The textbook describes the results as follows.
The results indicated that he was seen as more hostile – and more negative overall – by participants who had earlier been primed by words designed to activate stereotypes of blacks (words such as jazz, its’ important to note, that are not otherwise connected to the concept of hostility). Most important, this result was found equally for prejudiced and non-prejudiced participants.
The sample consisted of 78 White subjects in the judgment condition (p. 11)
The description of the priming words in the textbook leaves out that derogatory, racists terms were included in the list of primes.
Replication 1 primes included the following: nigger, poor, afro, jazz, slavery, musical, Harlem, busing, minority, oppressed, athletic, and prejudice.

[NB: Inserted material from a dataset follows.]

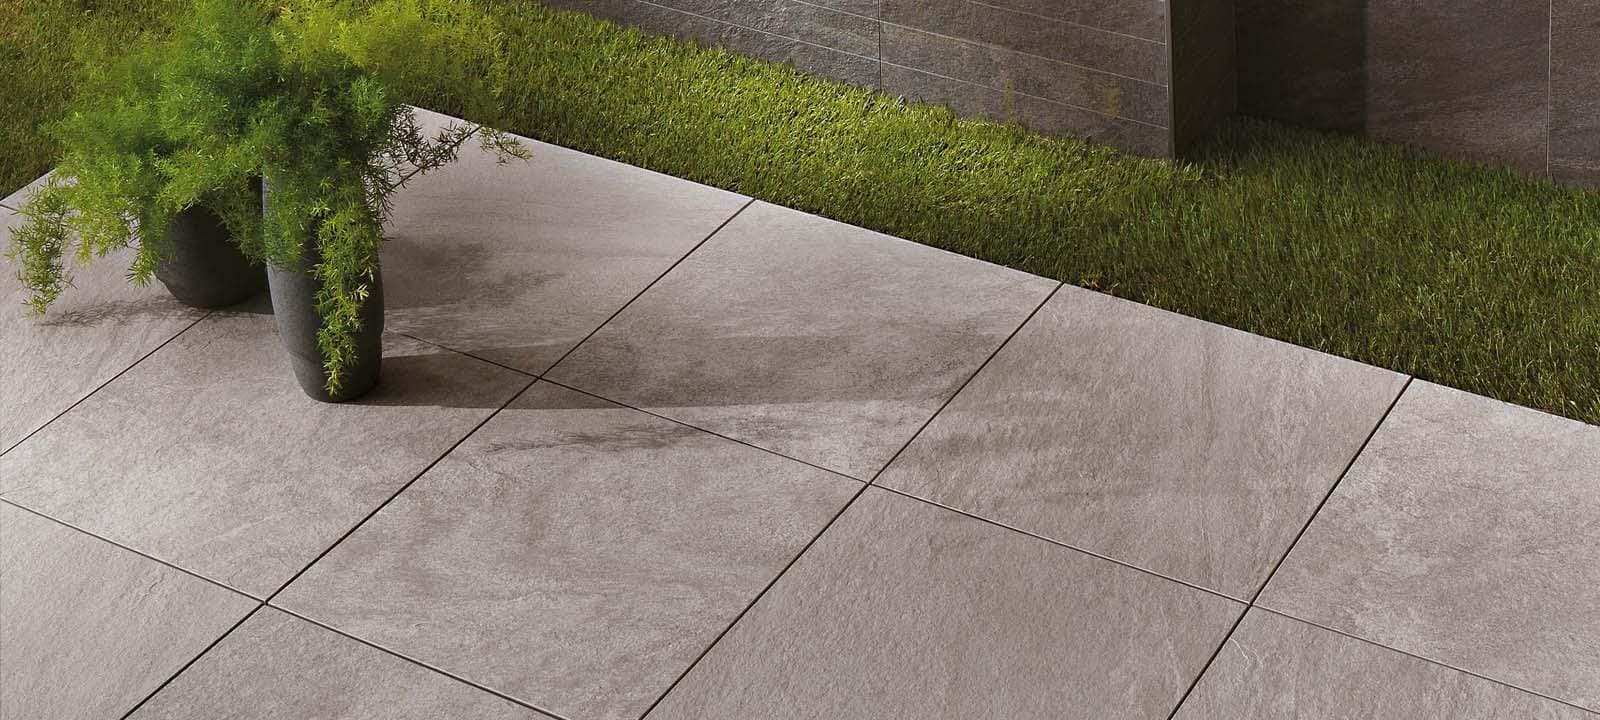 Bravestone Outdoor – Pearl 20mm - Hyperion Tiles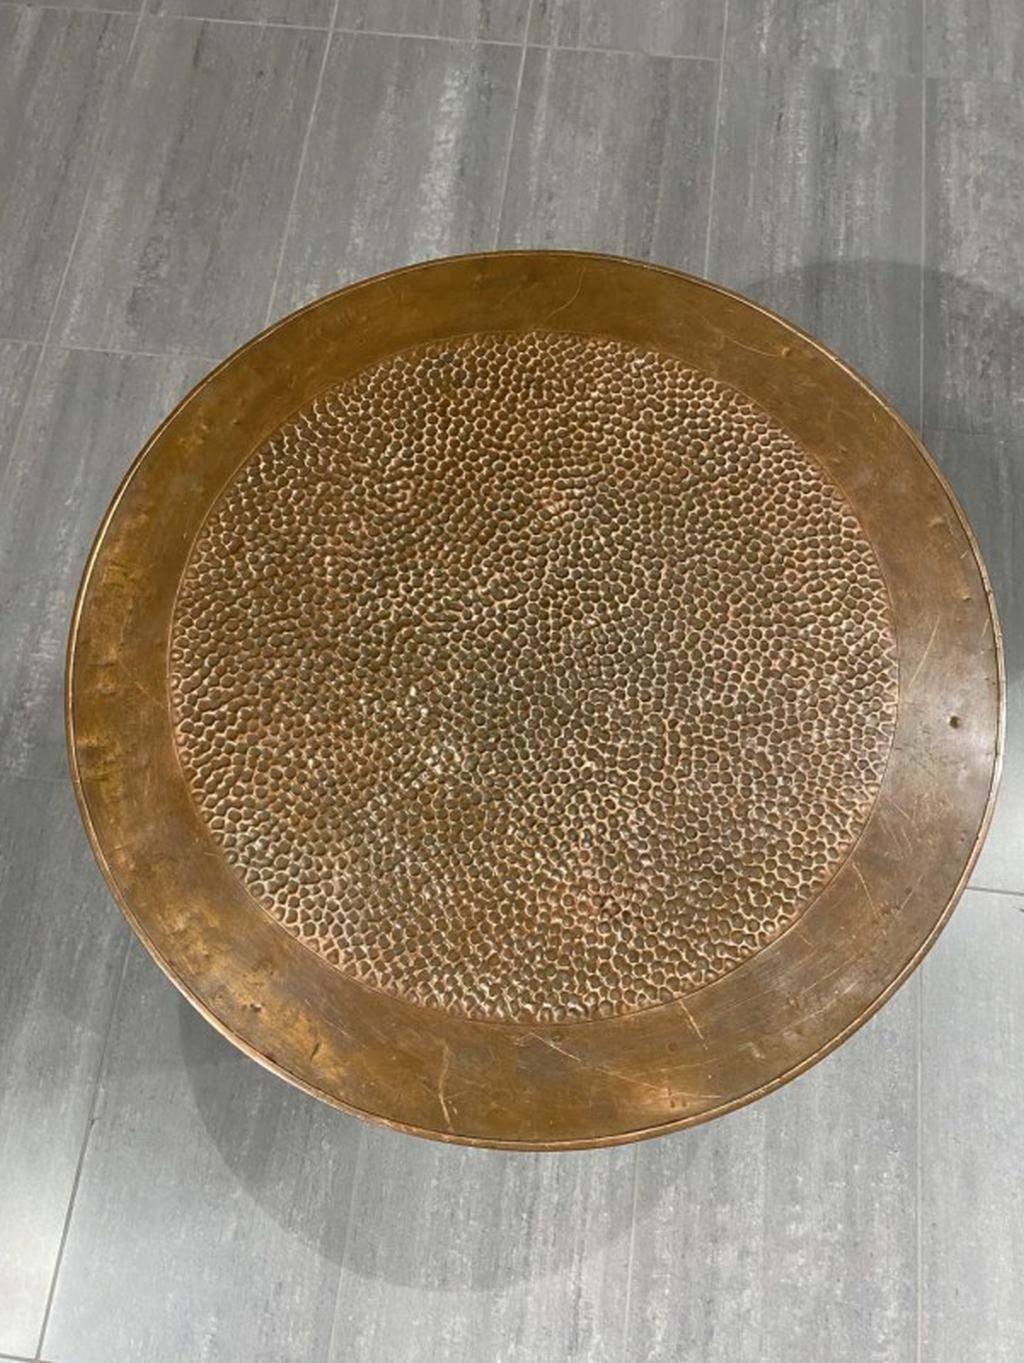 Vienna Secession Adolf Loos Style Six-Legged Table with Copper Plate For Sale

Replication 2 primes included the following: Negroes, lazy, Blacks, blues,
rhythm, Africa, stereotype, ghetto, welfare, basketball, unemployed,
and plantation (p. 10).
The textbook also does not describe the conditions accurately. Rather than comparing 100% to 0% words related to African Americans, the lists included 80% or 20% stereotypic and racists stimuli. Thus, even participants in the control condition were primed, but less often.
The mean ratings were submitted to a mixed-model ANOVA, with prejudice level (high vs. low), priming (20% vs. 80%), and replication (1 vs. 2) as between-subjects variables and scale (hostility related vs. hostility unrelated) as a within-subjects variable. The analysis revealed that the Priming X Scale interaction was significant, F(1, 70) = 5.04, p < .03 (p. 11).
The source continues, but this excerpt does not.